The performance tonight was a last hurrah of sorts for this entirely distinctive performance space off the Carroll Street Bridge; the IPR, which since June 2005 has been devoted to innovative projects and multidisciplinary, experimental art and cultural events, will be closing on June 30 due to landlord issues and a pending shutdown of the canal for cleanup. We entered in through an imposing black metal gate, hung with a wooden arts-and-crafts style sign and entered a field of gravel, grass, weeds and trees alongside the brown-green waters of the Gowanus Canal.

Gowanus Canal

The performance space itself is a two-story converted oil silo; another adjacent silo houses artists studios. We entered the ground floor bar, past the large metal dumpster, where IPR volunteers were pumping out plastic cups of Brooklyn’s finest beer from a keg. No, we were informed emphatically: not Brooklyn Brewery, but Six Point Craft Ales – “We are 100% Brooklyn!”

It was still a bit early for the show, so we joined the others (including Reuters alum TN) in the waning sun.

Issue Project Room

Issue Project Room

Issue Project Room

Showtime: we climbed up an exterior metal staircase to reach a bare circular space, dotted overhead with the most unique sound set-up I’d ever seen. The 16-channel hemispherical speaker system is the brainchild of artist/composer Stephan Moore and tonight it served as the ultimate showcase for IPR’s final series: “Points in a Circle.”

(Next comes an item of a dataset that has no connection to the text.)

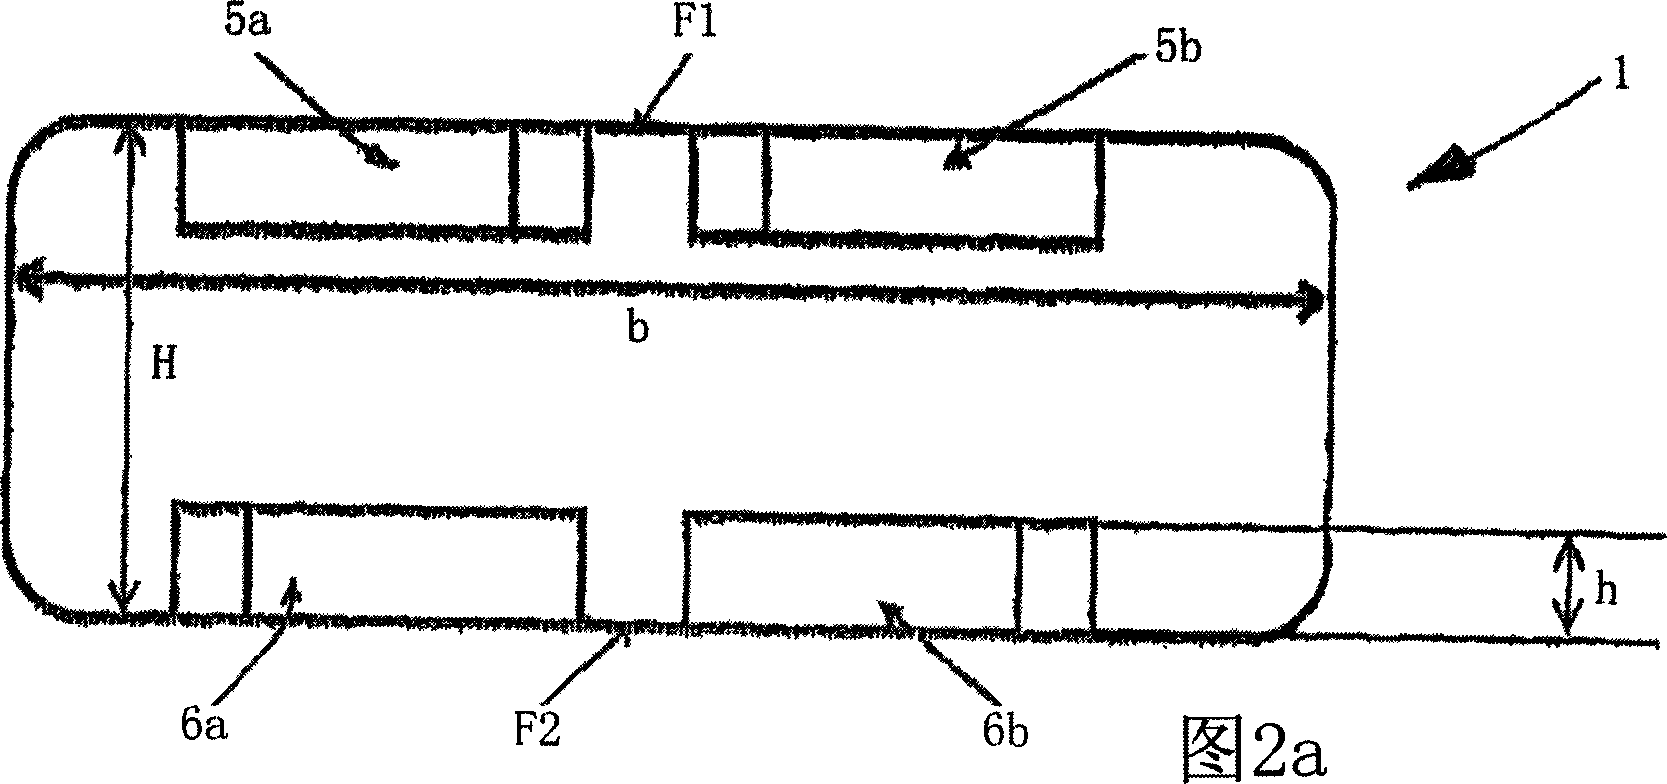 Flow channel for a heat exchanger and heat exchanger with the same

Performing tonight were Ikue Mori (best known as drummer and founder of early 80s no-wave group DNA) and composer/performer Keith Fullerton Whitman (whom I knew under the moniker Hrvåtski from the first mix tape B ever made me.)

Over the next hour and a half, the ceiling-suspended speakers sent waves of familiar and unfamiliar electronic sounds bouncing and radiating through the room. About a hundred people sat immobile in the dimmed space, eyes closed, reveling in the aural experience.